Seat 2 - John Clesse. My favorite Python is going to be good and cranky from being way too tall to be in my room, and probably is too old to stay awake, but I'm going to need someone with that accent and spark. Putting him next to Louis more or less ensures the entertaining misery of both men, and allows for me to watch Louis get tongue-tied, even more than me.
Seat 3 - Prince. I'd like one person at the table that I'm taller than, and as he's a notorious tightwad and prone to stiffing people, I'm thinking that he's going to be something of a nit. Plus, you get the fun of having some of his music on the sound system in the room, and skipping past tracks dismissively. If he comes in those assless chaps from the "Gett Off" video, I'd call that an aggressive play. Especially at his age.
Seat 4 -- Tom Waits. I'm expecting the legendary avant-garde singer-songwriter to preface every bet with some unforgettable nonsense, spend the breaks smoking a cigarette under a burning umbrella, and to bring the best snacks. Also, lots and lots of bourbon. Plus, if he busts early, my wife can give him a ride down to the rail yard, or some bar or diner that arises out of the mist. In any event, he's wrecking Prince.
Seat 5 - I'm sitting here. Right in the middle of everything, so if I bust, I'm dealing.
Seat 6 - Elizabeth Warren. The senator from Massachusetts gives me a person that I actually know at the table, and helps to balance out the testosterone. As an ex-bankruptcy professor and grandmother, I expect her to play tight: as Elizabeth Warren, I expect her to give no quarter, know the math better than anyone else at the table, and keep raising the bid blind. That'll be fun when you see who I'm putting two to her left.

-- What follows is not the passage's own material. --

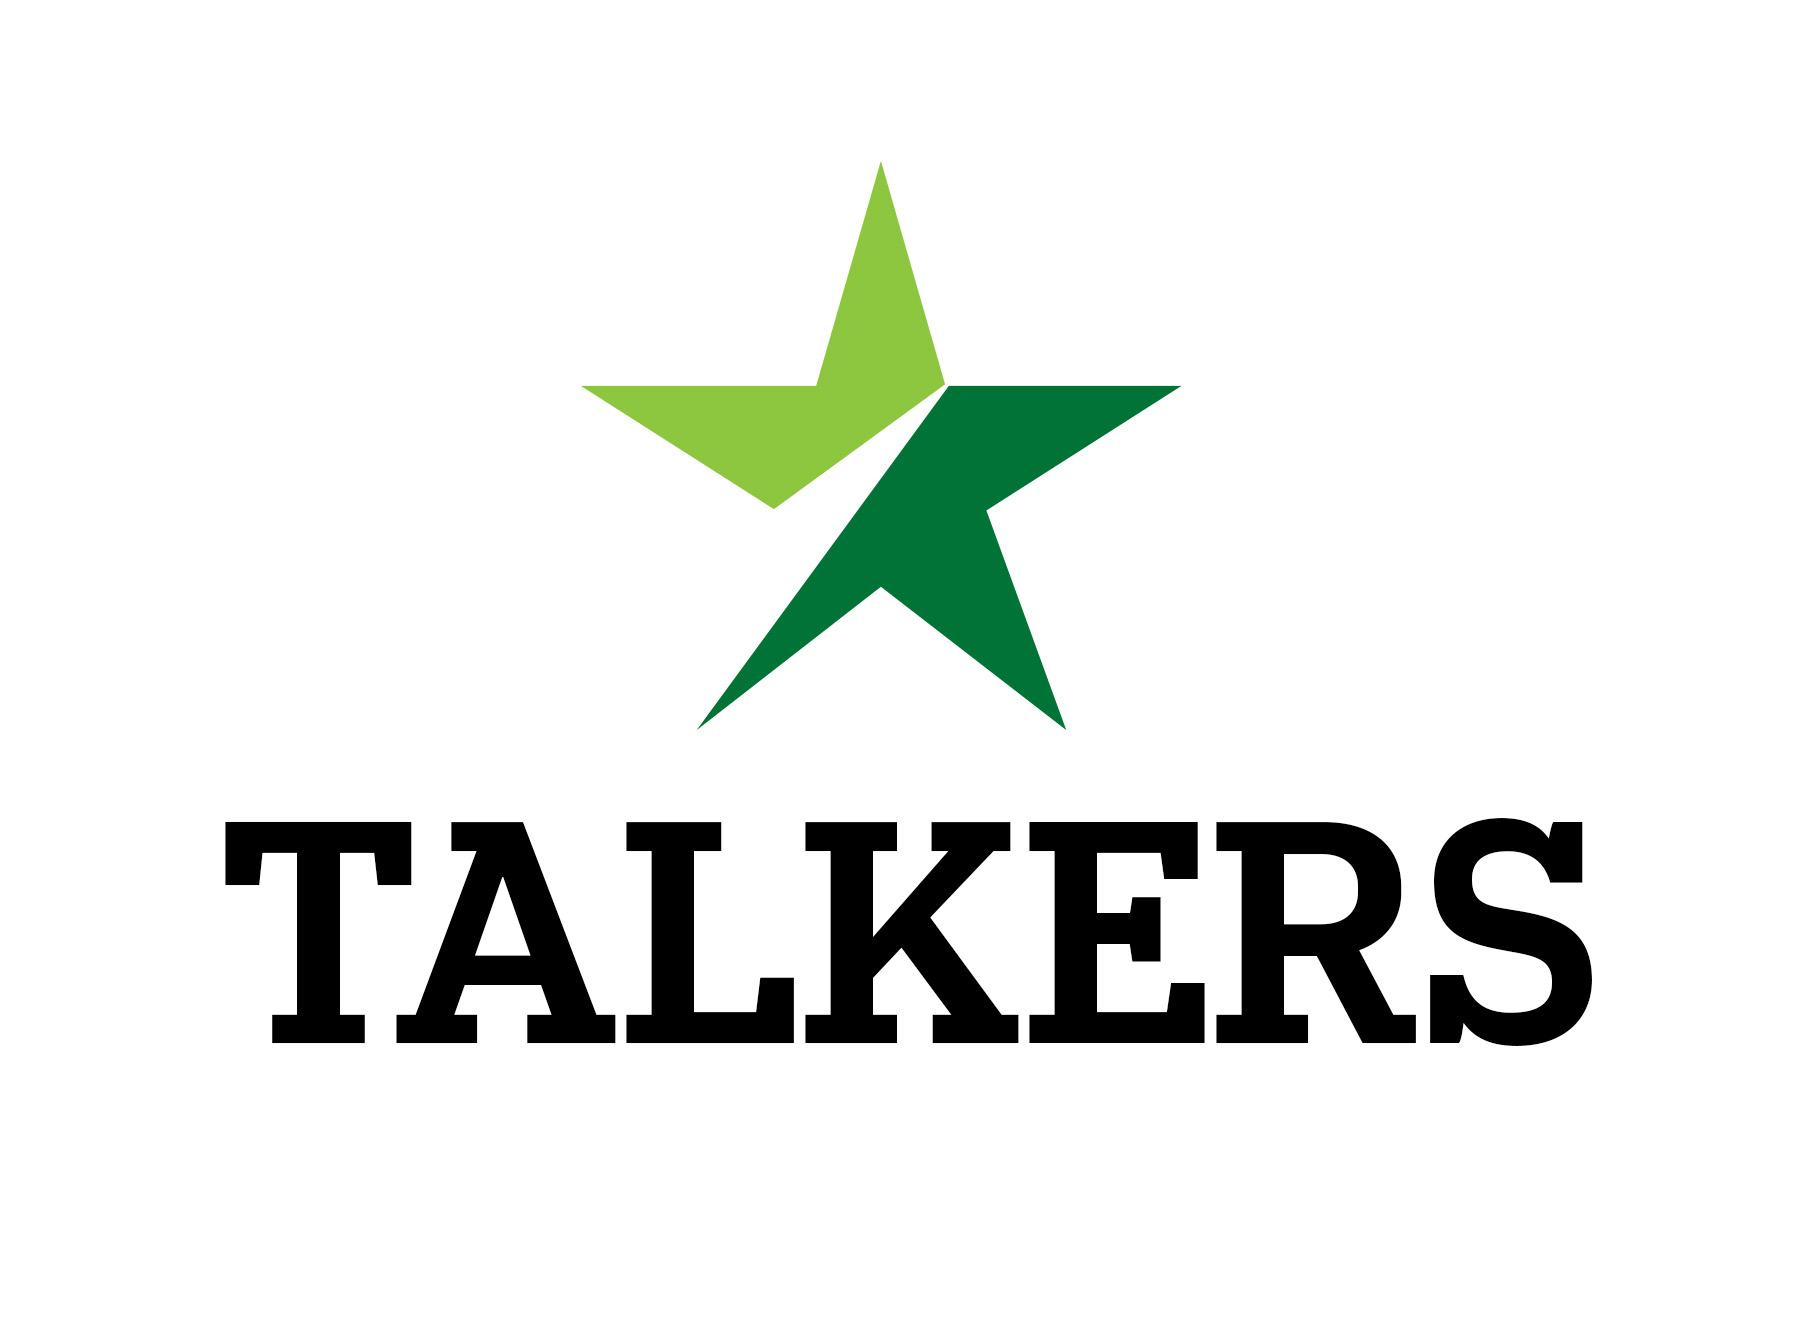 Sign up for Talkers, our daily tipsheet of bite-sized newsy nuggets

Seat 7 - Fiona Apple. I need a true wildcard in my big blind for trapping purposes, as well as someone who will make Warren slow down and feel parental. Plus, this means my eldest stays to watch every hand, and has incredible issues of who she roots for, if and when I get into hands with her. By including her, I'm also giving myself the chance of getting into one of her songs. And if she gets to heads-up with Waits, I think we'll be able to put recreations of the showdown off-Broadway.
Seat 8 - Barack Obama. We know he plays. It'd be fascinating to see how much he bluffs, and whether he shows afterward. I'm hoping that he'd open up with all of the genuinely funny people at the table. And including him here is my absolute, solid gold, trolling for trolling moment to produce nasty comments to this post. Plus, we get the benefit of Secret Service protection for the game, and to make whip noises when Michelle calls to ask him when he'll be home.
Seat 9 - Wener Herzog. Do we have a clip? Yes, we have a clip. (Plus it looks like he plays!)
In case you don't know who Werner is, oh dear God, please learn. He's my favorite difficult film director ever, an absolute genius, a man with the ability to laugh at himself, and... well, crap, he's Werner Herzog. It's his world, and the rest of us are just paying rent. Plus, we've got that British-German thing going on with Cleese; count on at least three heads-up confrontations between those two that will end life as I know it, and he's going to re-raise Obama with gleeful spite. I have to have the German at my table.
Anyway, that's my nine. Who's at yours?
Secondary table: Chrissie Hynde, Billy Beane, Bob Odenkirk, Charles Barkley, (me), Stephen Colbert, Samuel L Jackson, Felicia Day, Jack White
1 comment:
Quick and dirty Dead People Table: Thomas Edison, Nicola Tesla, Louise Brooks, Dorothy Parker, Jimi Hendrix, Richard Pryor, Fidel Castro and Wilt Chamberlain. As you were.